### [What to produce]
Please set down the data again exactly, minus the pictures.

### [Data provided]
*****
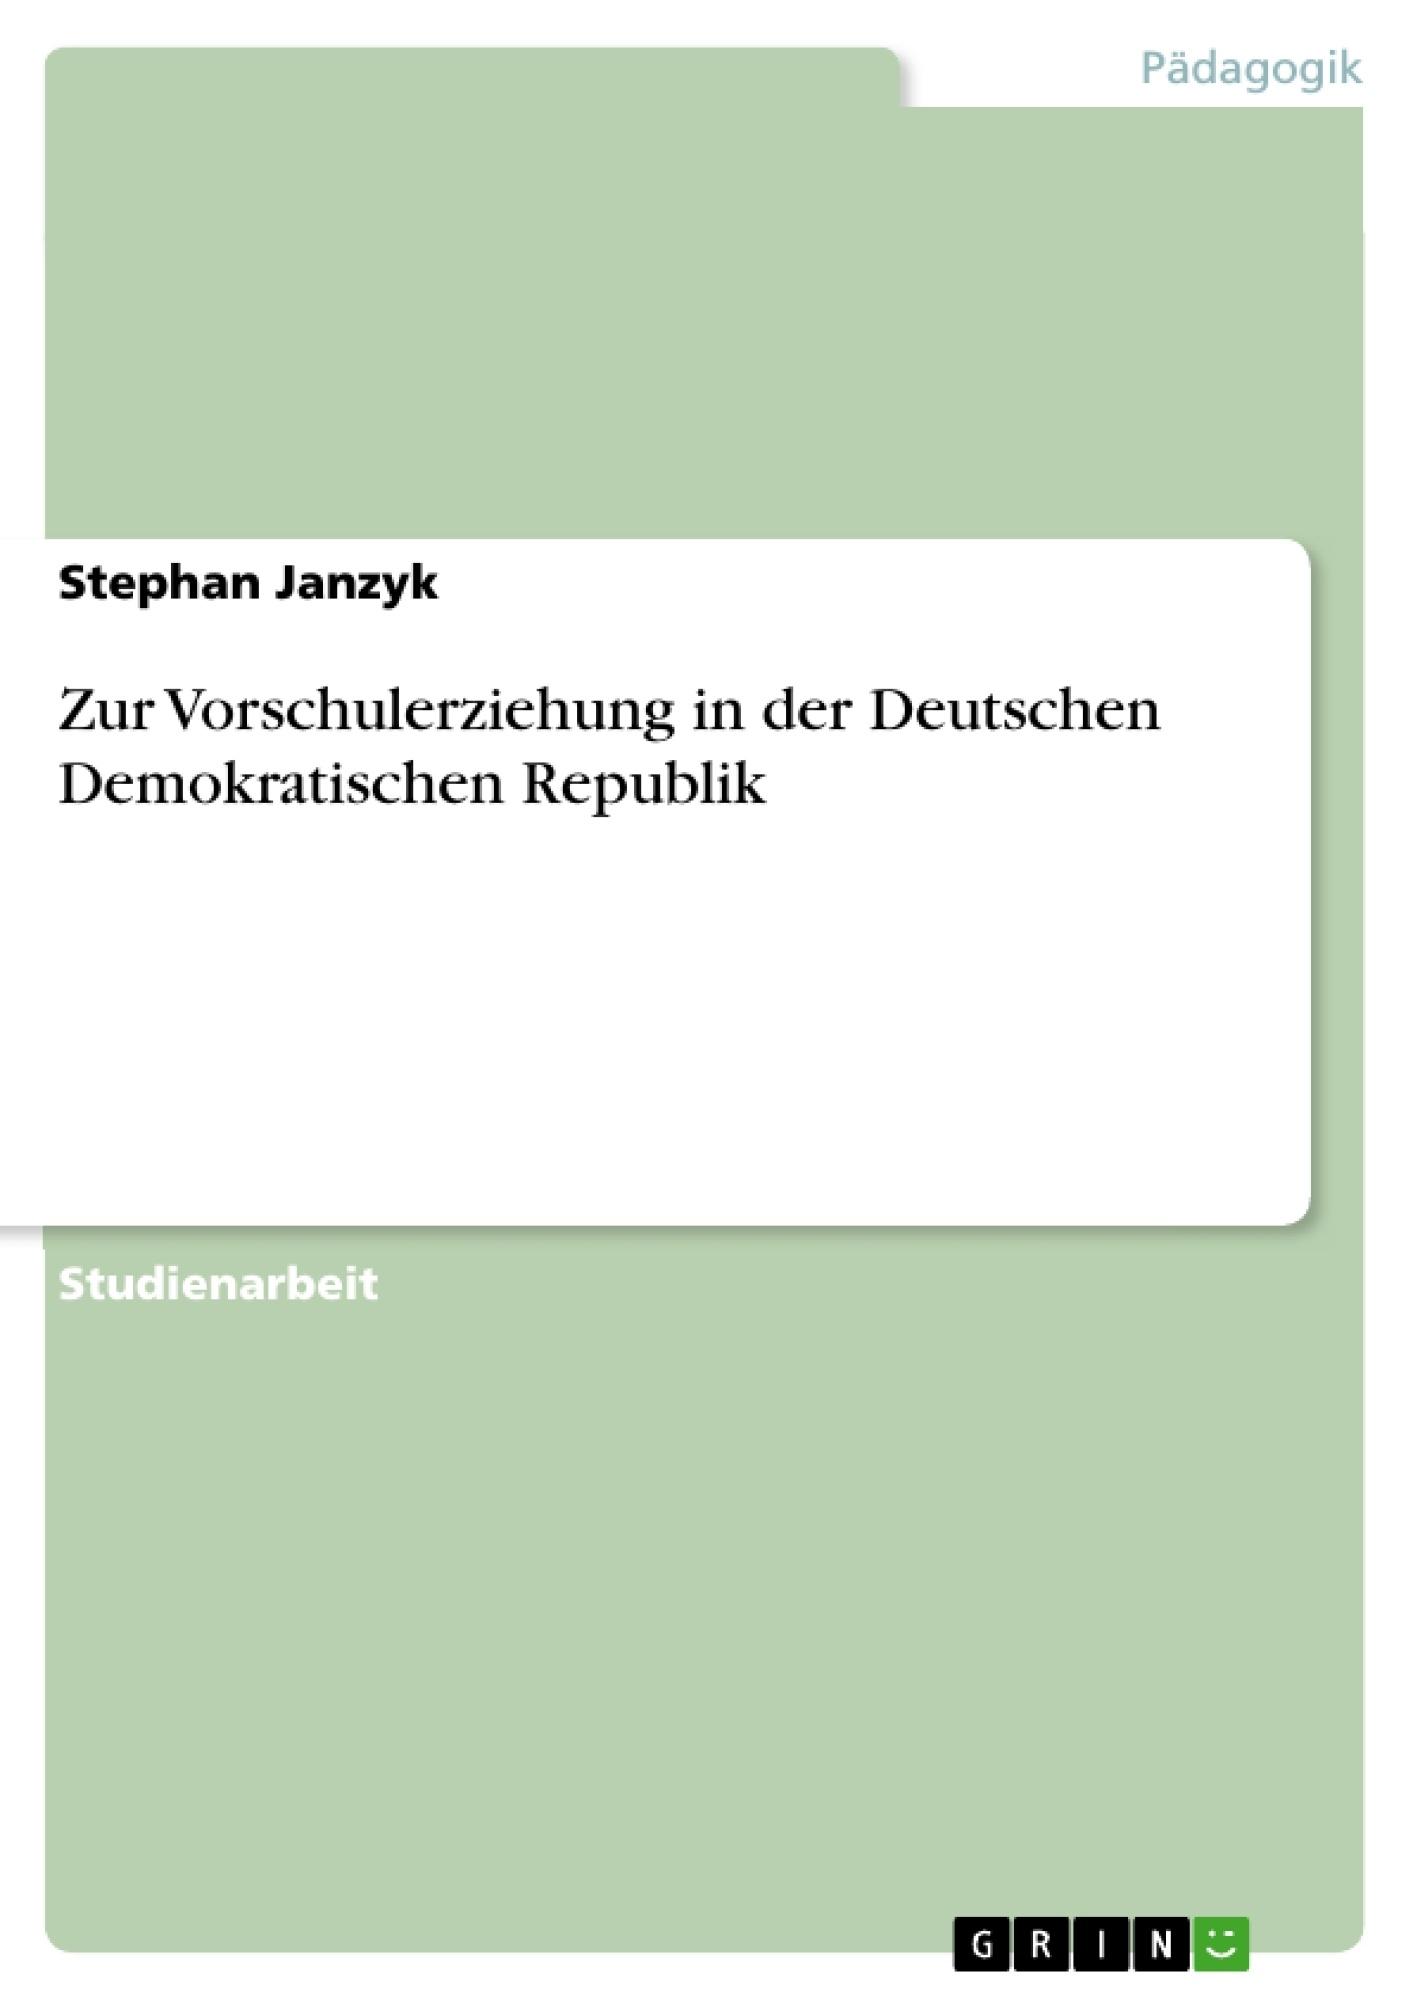 Titel: Zur Vorschulerziehung in der Deutschen Demokratischen Republik
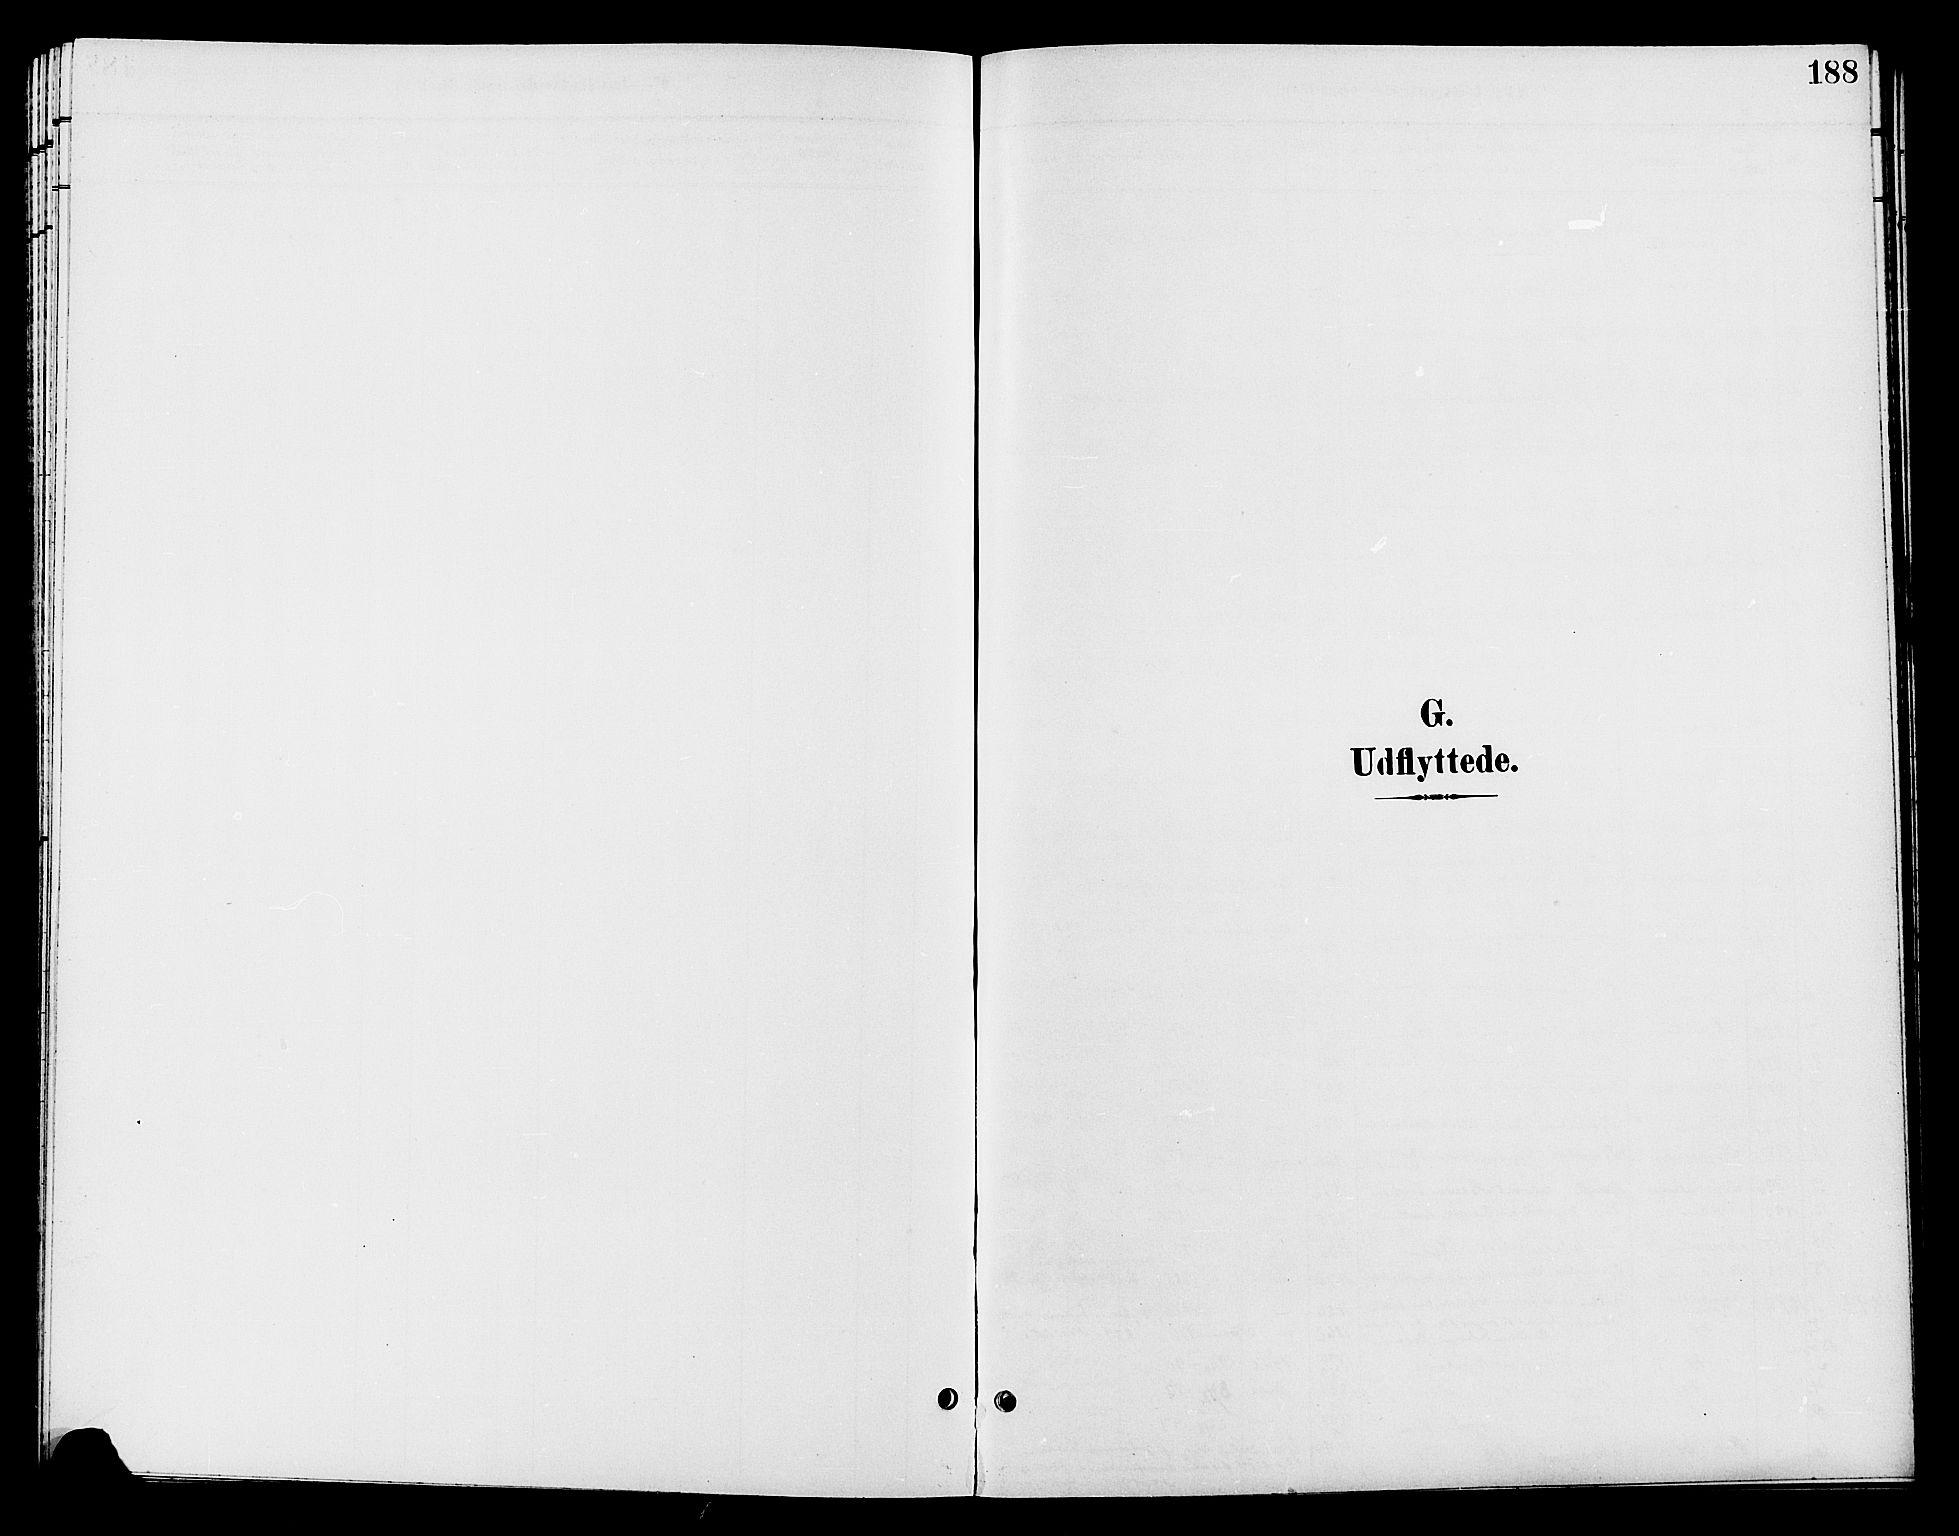 SAH, Jevnaker prestekontor, Klokkerbok nr. 3, 1896-1909, s. 188
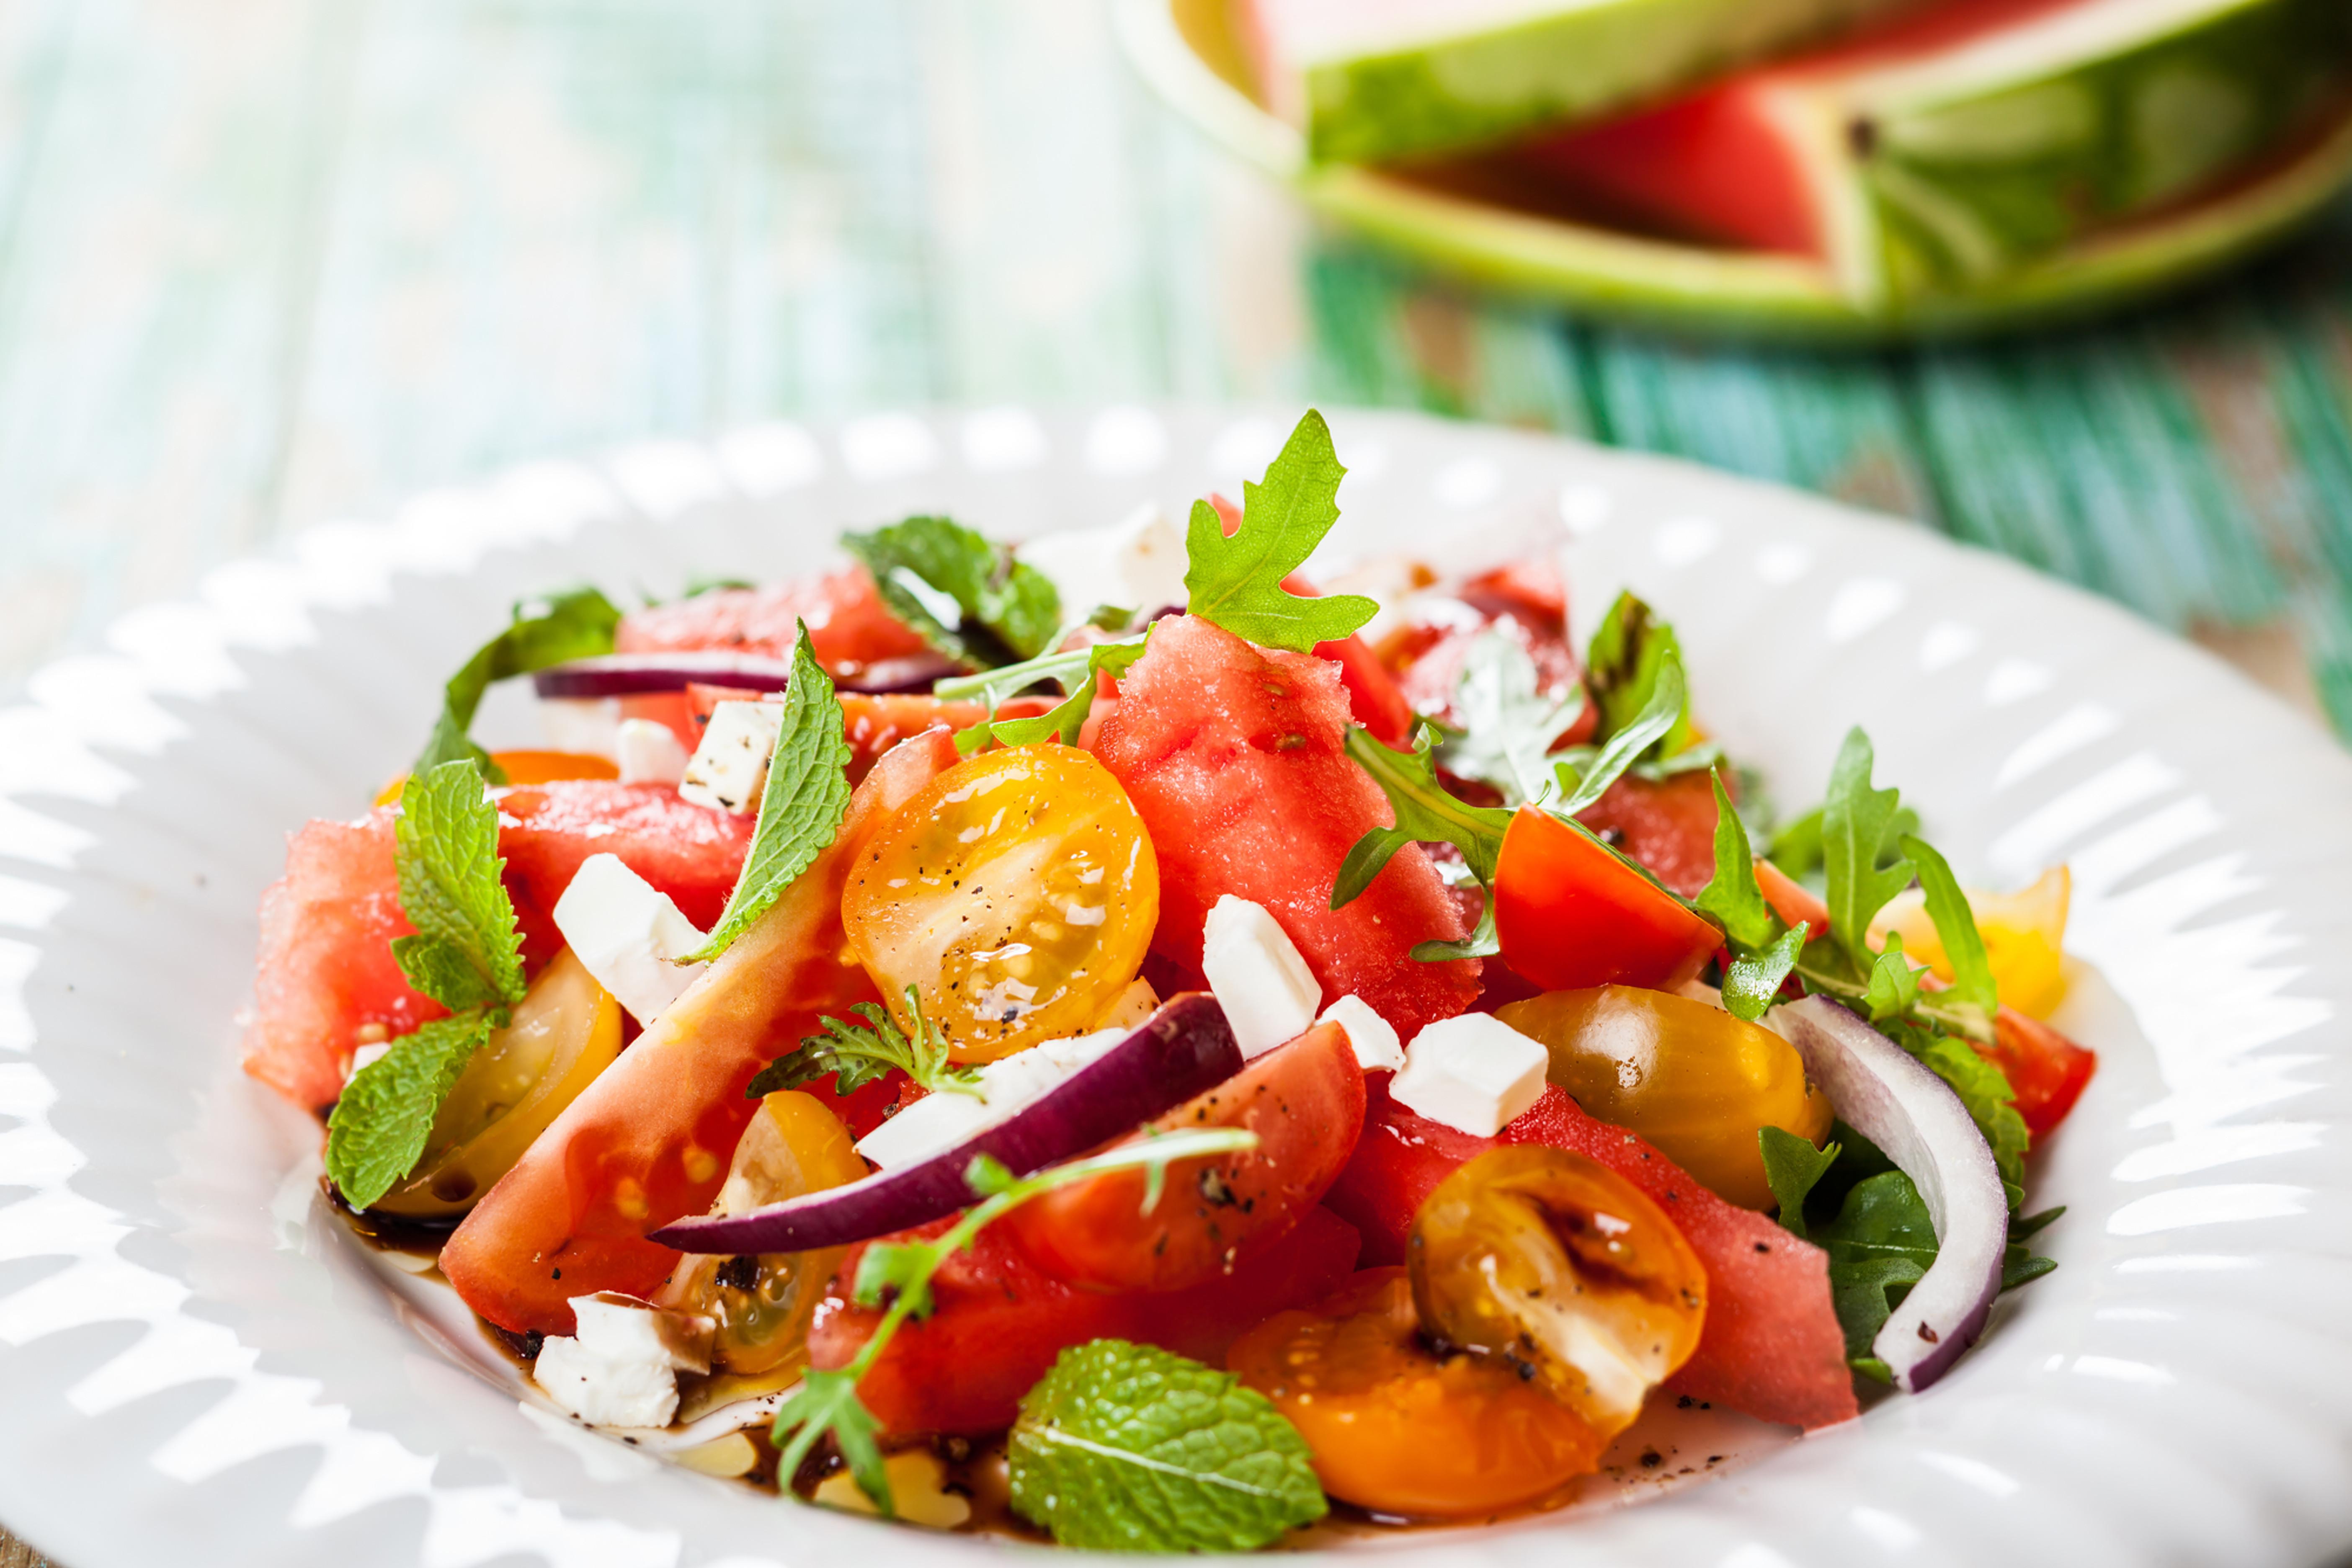 Diet & Nutrition Care Program
*****
### [Your response]
 Titel: Zur Vorschulerziehung in der Deutschen Demokratischen Republik
 SAH, Jevnaker prestekontor, Klokkerbok nr. 3, 1896-1909, s. 188
 Diet & Nutrition Care Program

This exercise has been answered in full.